The book began in a light-hearted manner, because I said to my publisher and agent, “I could write about my dog.” And they said, “That’s excellent. People like dogs and the British have got a reputation for loving dogs.”

My dog has taught me about the values that really matter: loyalty, friendship, listening, kindness. I also learned from the dog about abandonment. Our first dog was found in the street. What did that mean, to be traumatized? I also write about grief, fear of the death of a pet and what happens afterwards. And, in fact, had I been writing a book about what it means to try to be a pastoral rabbi who cares about people, I would have written about many of the same themes.

How would you describe the mood of British Jewry these days?

By and large, life is really OK for Jews in Britain, but we have deep concerns about anti-Semitism. It is not acute, violent or a constant feature of our lives, by any means. But the Labour Party has been a particular focus of concern, as has its leader Jeremy Corbyn’s failure to deal with it clearly and unambiguously. I attended a gathering in Parliament Square in London called at almost no notice, but very well attended across the Jewish community, calling on the Labour Party to be clear in its condemnation and response to anti-Semitism and all forms of racism.

The bigger concern, I think, is that the world is not in a good way. It’s a much more frightening world than I think it was five or seven years ago. I have a very strong view that Brexit is not a good thing. Most, if not all, of the Jewish community shares that view. The policies of Russian President Vladimir Putin are extremely frightening, as often are the policies of U.S. President Donald Trump. The situation in the Middle East is stagnating.

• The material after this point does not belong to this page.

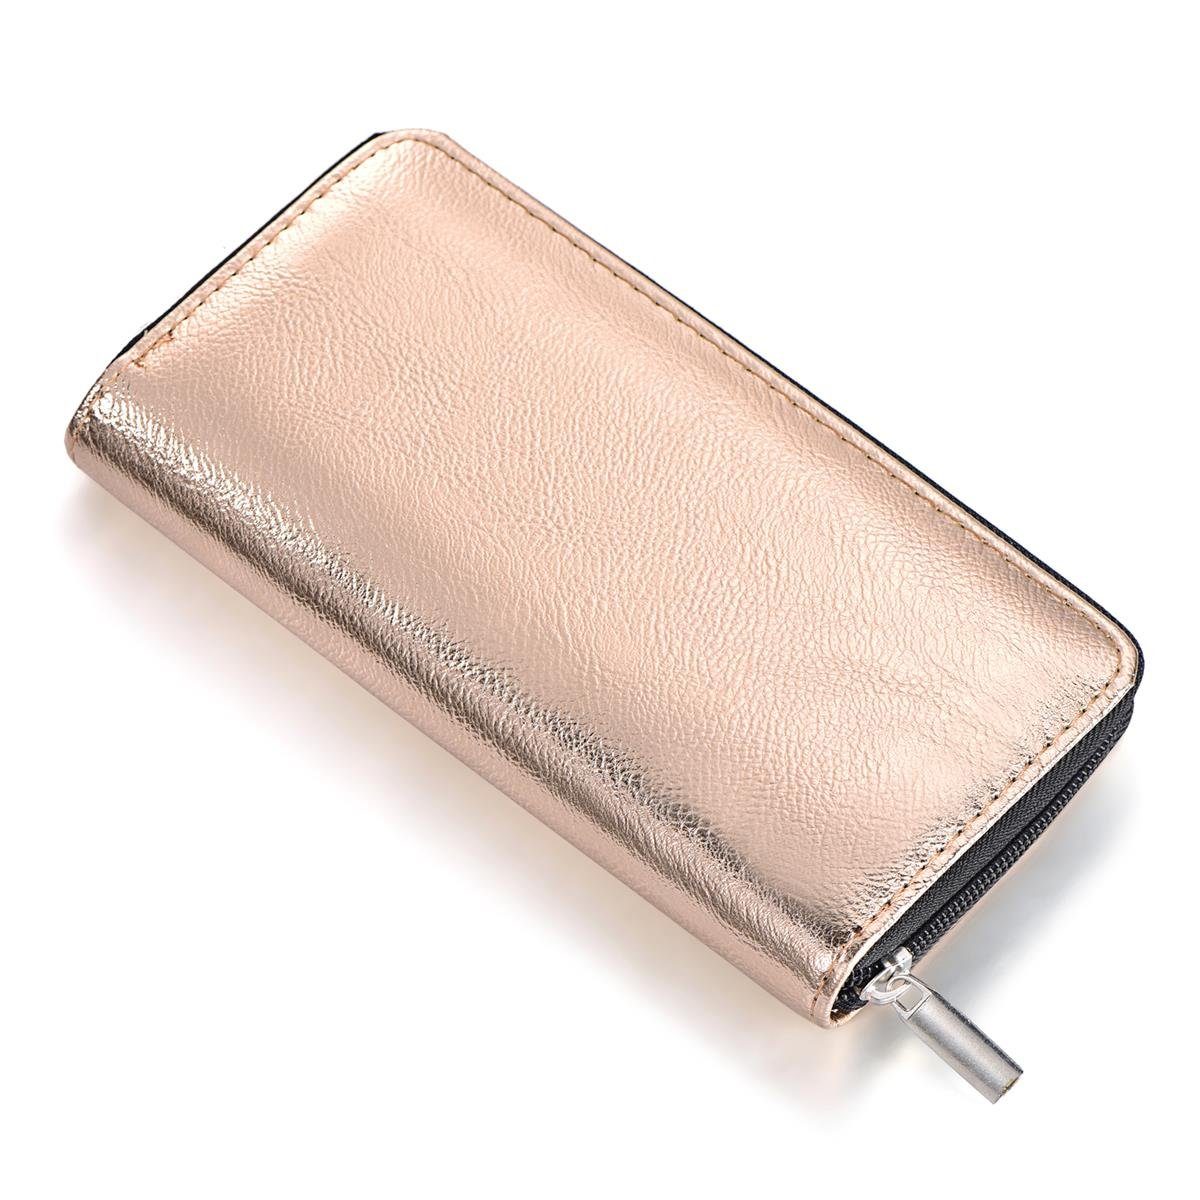 DonDon Geldbörse Portemonnaie Geldbeutel weich 20 x 10 x 2,5 cm (Packung, 1-tlg), Geldbörse für Damen und Mädchen, Metallic-Look, mit Reißverschluss rosé metallic

Is it known how British Jews voted in Brexit, and how will its passage affect the community?

The latter question I really don’t know. No one really knows how much it’s going to have an effect, and the nature of the deal remains quite unclear. If it’s a soft Brexit, it will make little difference.

I’ve heard that 70-something per cent of the Jewish community voted to remain in the U.K. My mother, who was a teenager in Frankfurt during the Nazi years, felt very strongly that the whole campaign has allowed racism to re-emerge into the discourse. And that’s a very frightening feature of our world – a sense of nationalist xenophobia and religious fundamentalism. These things are on the rise and may reverse some of the real democratic gains of the Enlightenment. So these are disturbing times. Far from specifically and exclusively for the Jewish community, these are troubling times for humanity.

 

This interview has been edited and condensed for style and clarity.